“Coming.” Isaac grabbed a crate and clomped down the stairs. Thomas followed, both sacks of papers slung over his shoulders.
A handsome blond man in a suit paced the office. Thomas set the sacks down and narrowed his eyes at the familiar-looking businessman.
“Herod.” Isaac gave the man a nod. “What’s happened?”
“It’s gone. All of it. Last night. Someone must have stolen it.”
“Stolen what?” Isaac found a spot on the floor for his crate and set it down with a thud.
“My safe. It was blown open. The gold’s gone too, candlesticks and chandeliers.” The man spread his arms wide before dropping them back to his sides. “All of it except the few pieces I keep in the girls’ rooms for show.”
Thomas’s stomach soured. That’s why the man looked familiar. He’d been stalking around the saloon part of The Pretty Penny giving out orders when Thomas had stopped by with Isaac his first night on duty.
Isaac took a notepad off his desk and began scrawling details. “What time do you think the theft occurred?”
“When we heard about the fire. I closed down the brothel and sent everyone to help… well, besides the girls.” The man paced from one side of the office and back again, fiddling with a gold pocket watch while he walked. “I locked them in their rooms and left Rufus to keep watch.”
Isaac paused in his writing. “And Rufus didn’t spot anything suspicious?”
“Rufus was knocked out and tied up. Didn’t find him until I opened the place up this morning.”
Thomas moved his gaze to Isaac, and he could see the sheriff thinking the same thing as him. Jessalyn’s fire had been arson, all right. But if the target had truly been The Pretty Penny, did that mean his wife was safe?
Chapter Seventeen
“No, you spin it like this.” Jessalyn turned away from the pot of simmering soup and plopped herself onto the floor. Then she took the top in her hands, threading the string around it, and letting it loose on the wood boards.
“Ma, where’d you learn to do that?” Olivia picked up her own top and tried spinning it. “You’re better than Ivy, and she’s the best in the whole school.”
“Can you teach me?” Megan peered over her shoulder.
“Of course. All it takes is a bit of practice.” She picked up the top again, then paused. Three sets of blue eyes blinked expectantly back at her. Her lips tilted up in a slow smile as she wound the string around the top once more.
The door to the apartment opened just as she released the toy.
“Aw, Pa, couldn’t you have waited?” Claire stuck out her bottom lip, but pushed herself off the floor and went to her father rather than watching the top. “Ma was teaching us to spin tops.”
“She’s good at spinning tops, isn’t she?” Thomas hefted Claire into his arms, then winced.

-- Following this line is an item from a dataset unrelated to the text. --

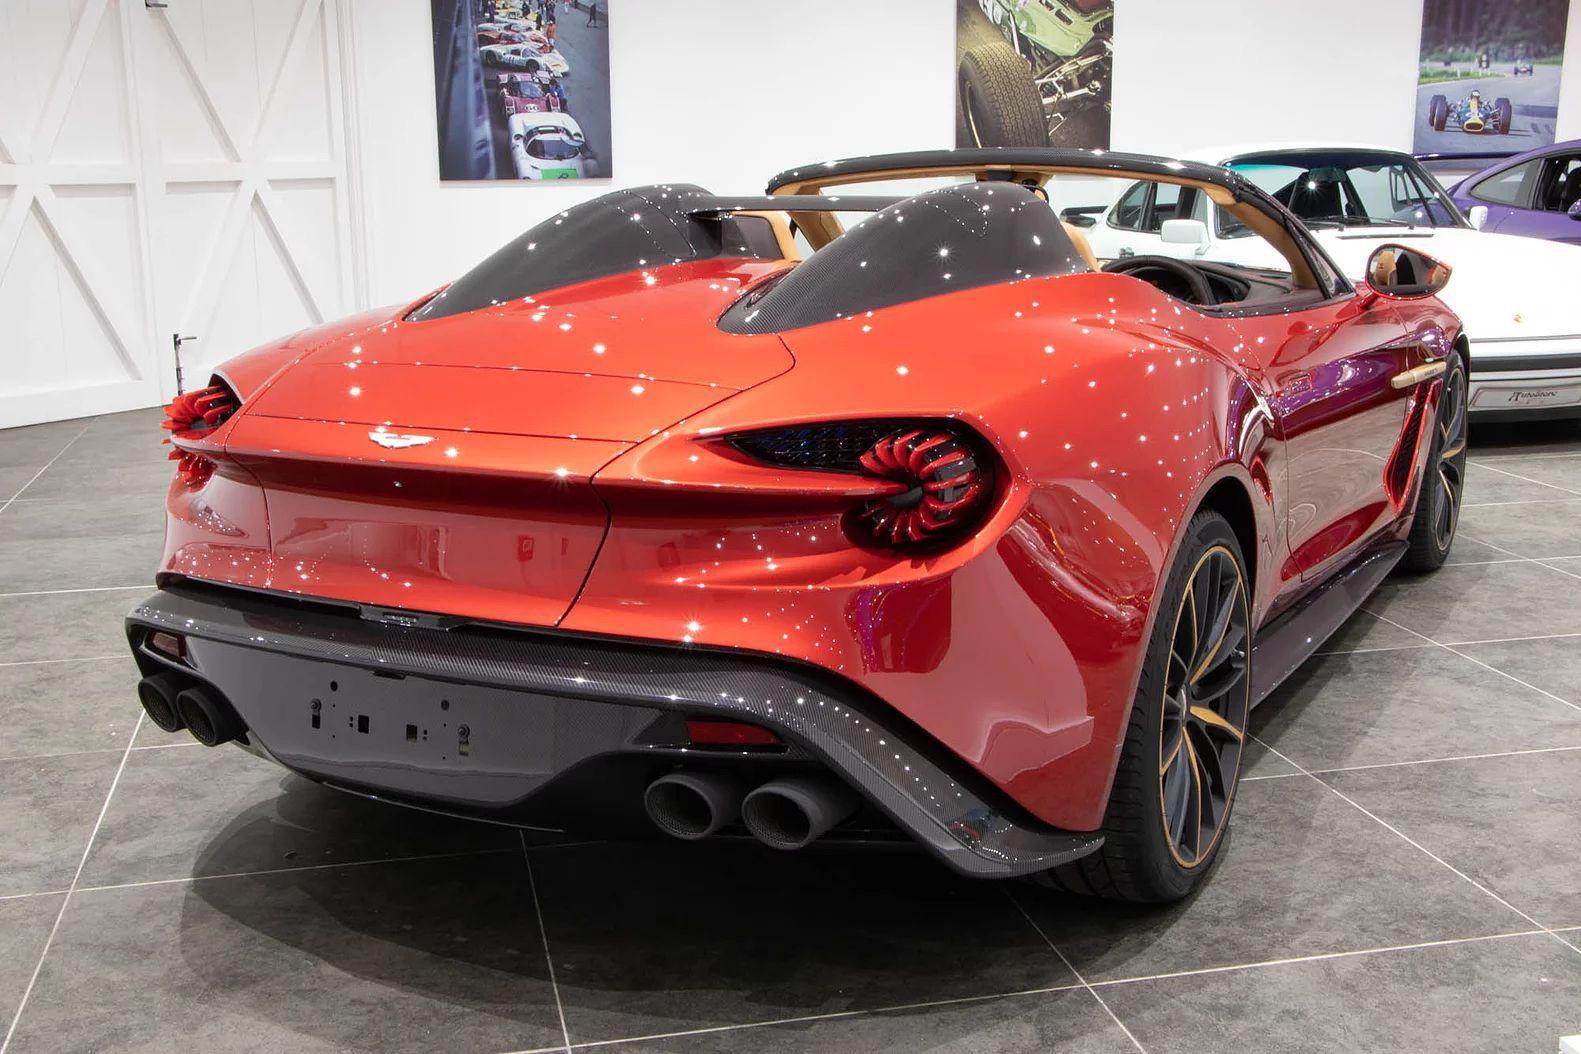 Aston_Martin_Vanquish_Speedster_sale-0002

Winced? Why would Thomas wince when picking up their daughter? Had he already injured himself working as a deputy?
“What’s that I smell?” He sniffed the air. “Cookies?”
“We helped Mama make them!” Megan jumped up from the floor, leaving Olivia to practice with her top.
“It’s been a while since we made cookies.” Jessalyn tried to shrug, but the gesture came off more stiff and jerky than intended. “I figured?—”
“It was the first time ever, and it was fun!” Megan bounced up and down on the balls of her feet.
“It wasn’t the first time ever, it’s just been…” Four years? Five?
Too long.
How quickly the girls had grown while she’d been elbow deep in piles of mending. This year she’d even been too busy to take off all of Thanksgiving Day to spend with them.
And even today, without a stitch of mending to tend, their time together was ending. The scent of sugar and flour called her back to the oven, as did the simmering soup on the stove. Did time with her daughters always have to pass so quickly? No more than the curl of smoke from a chimney before it disappeared into the winter air.
She pushed to her feet and headed into the kitchen, then reached for her potholders and pulled the tray of cookies out.